**EXERCISE DIRECTIONS:** Could you repeat the data word for word while skipping the pictures?

**INPUT DATA:**

·····

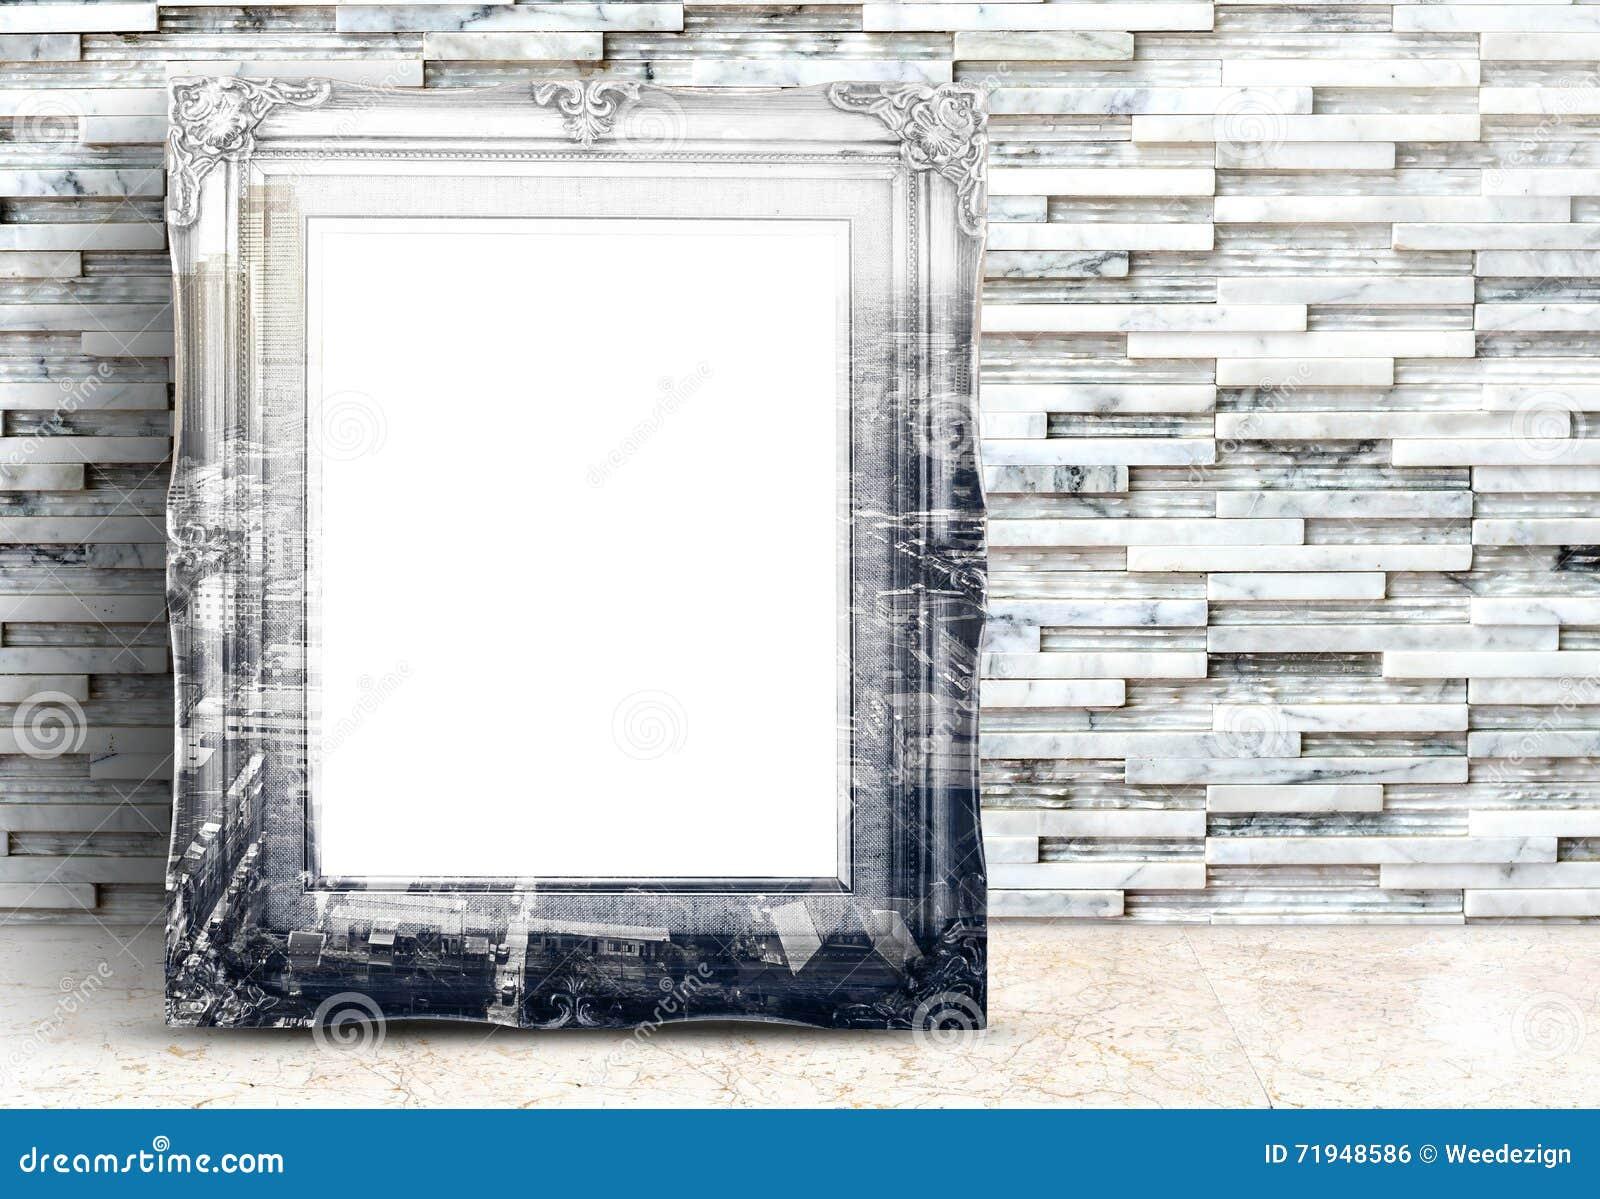 Пустое изображение города overlay на винтажной рамке на мраморном поле и
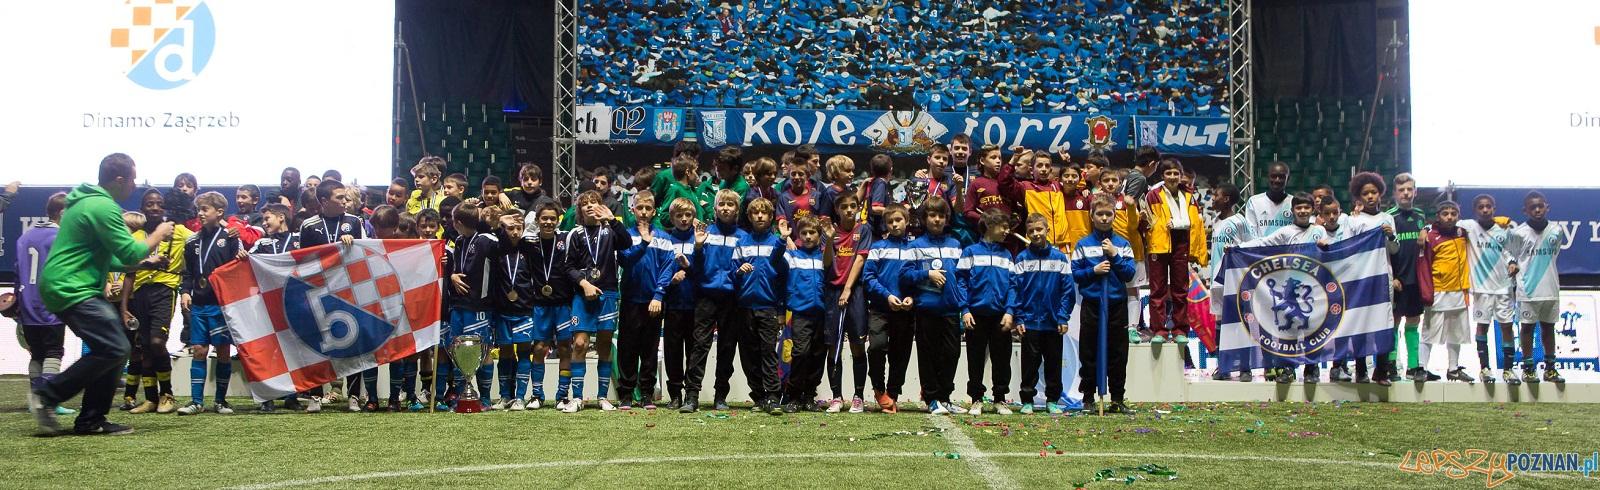 Lech Cup final  Foto:
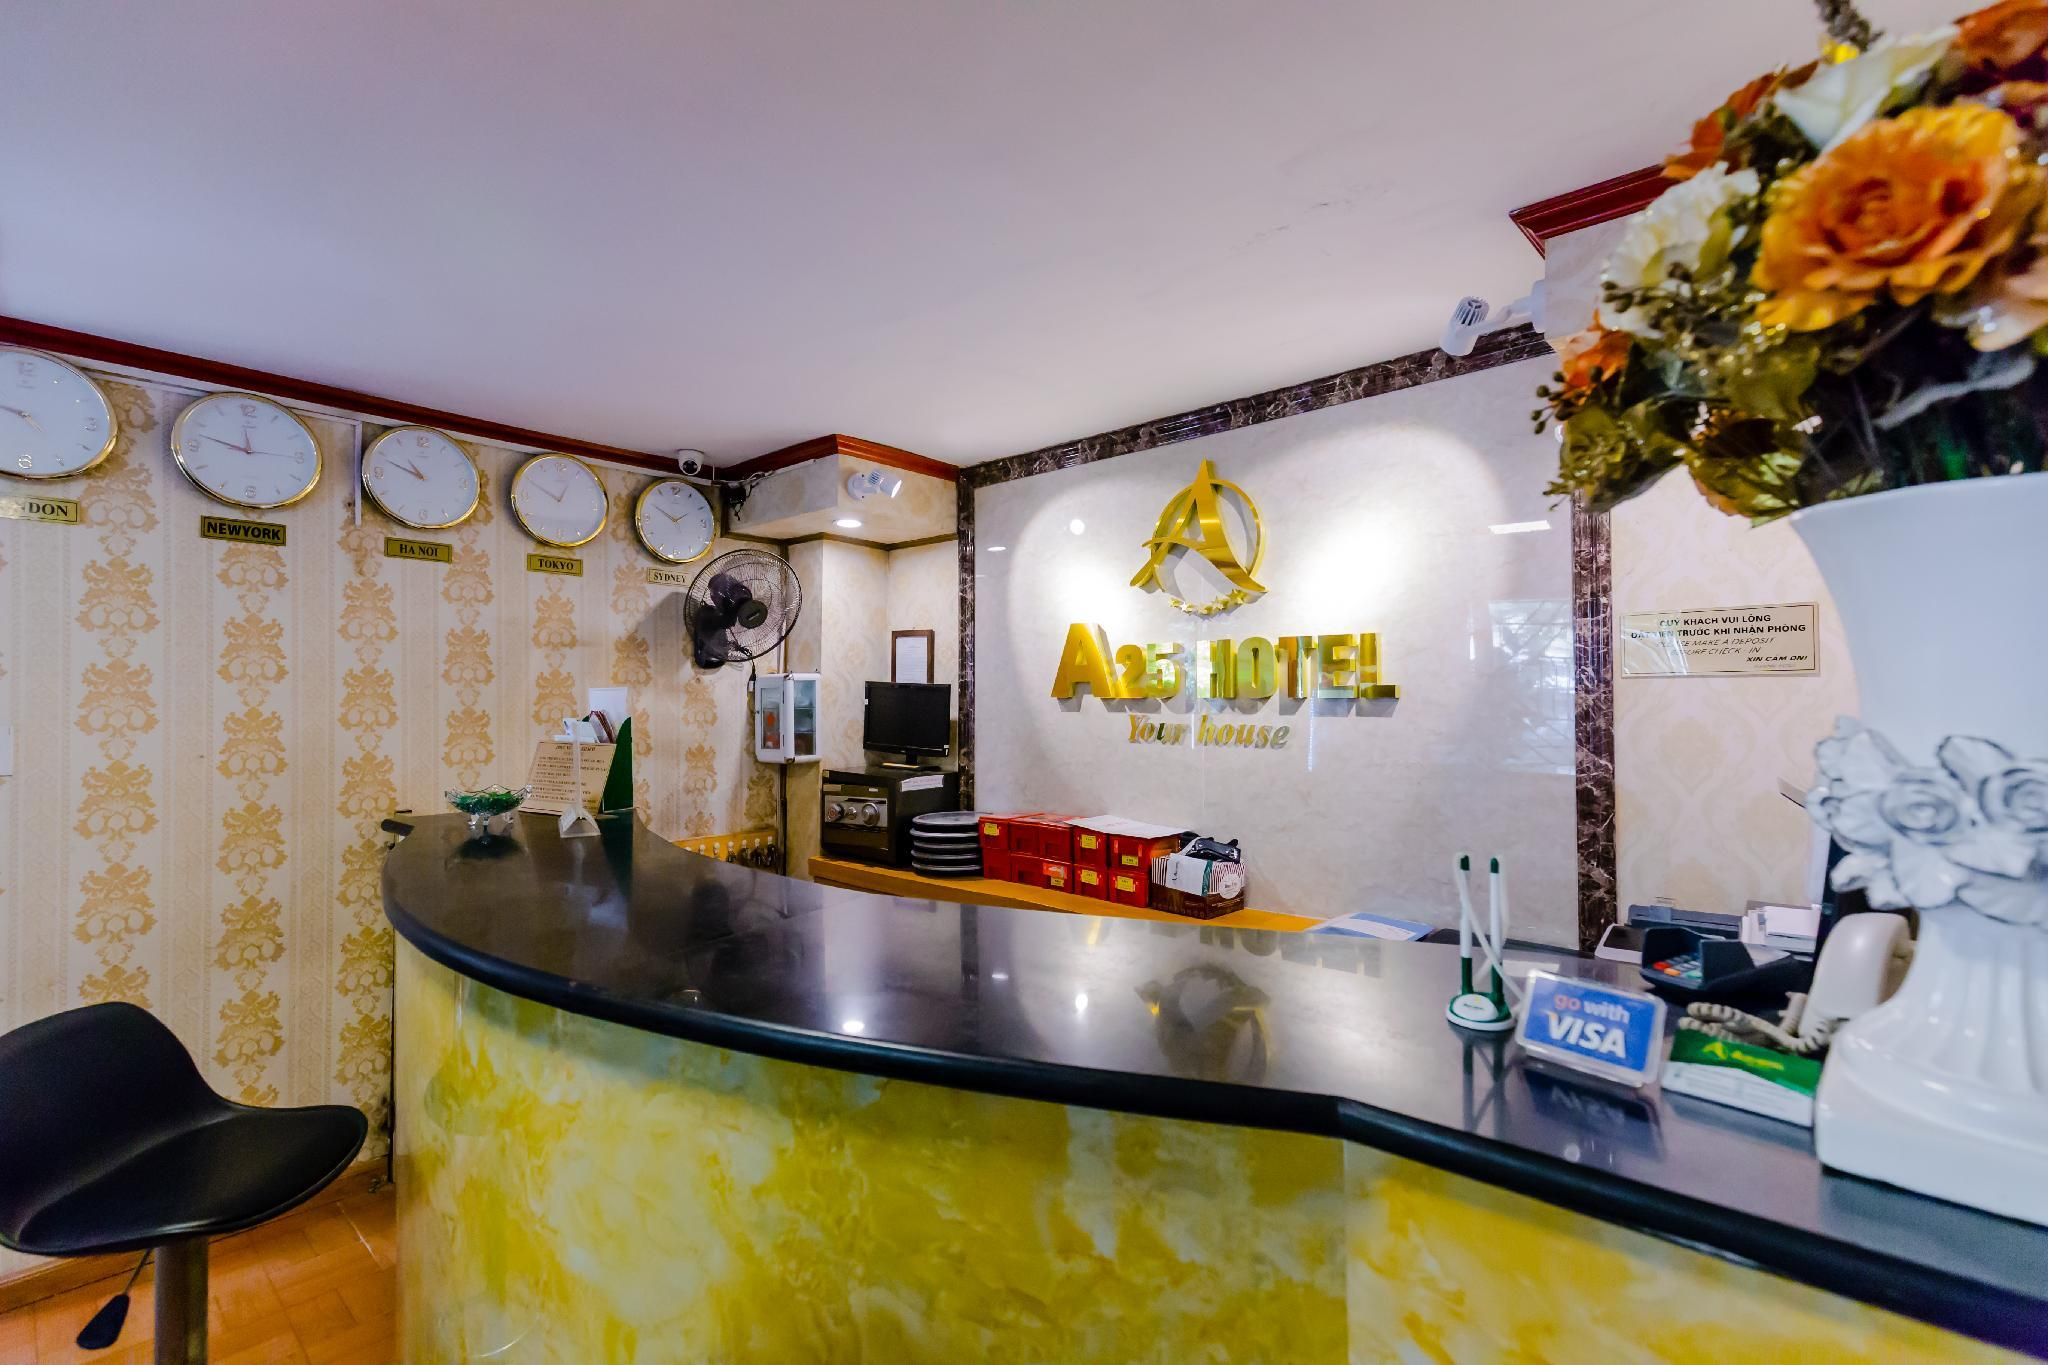 A25 Hotel   Hoang Quoc Viet

·····

**YOUR RESPONSE:**
 Пустое изображение города overlay на винтажной рамке на мраморном поле и
 Lech Cup final  Foto:
 A25 Hotel   Hoang Quoc Viet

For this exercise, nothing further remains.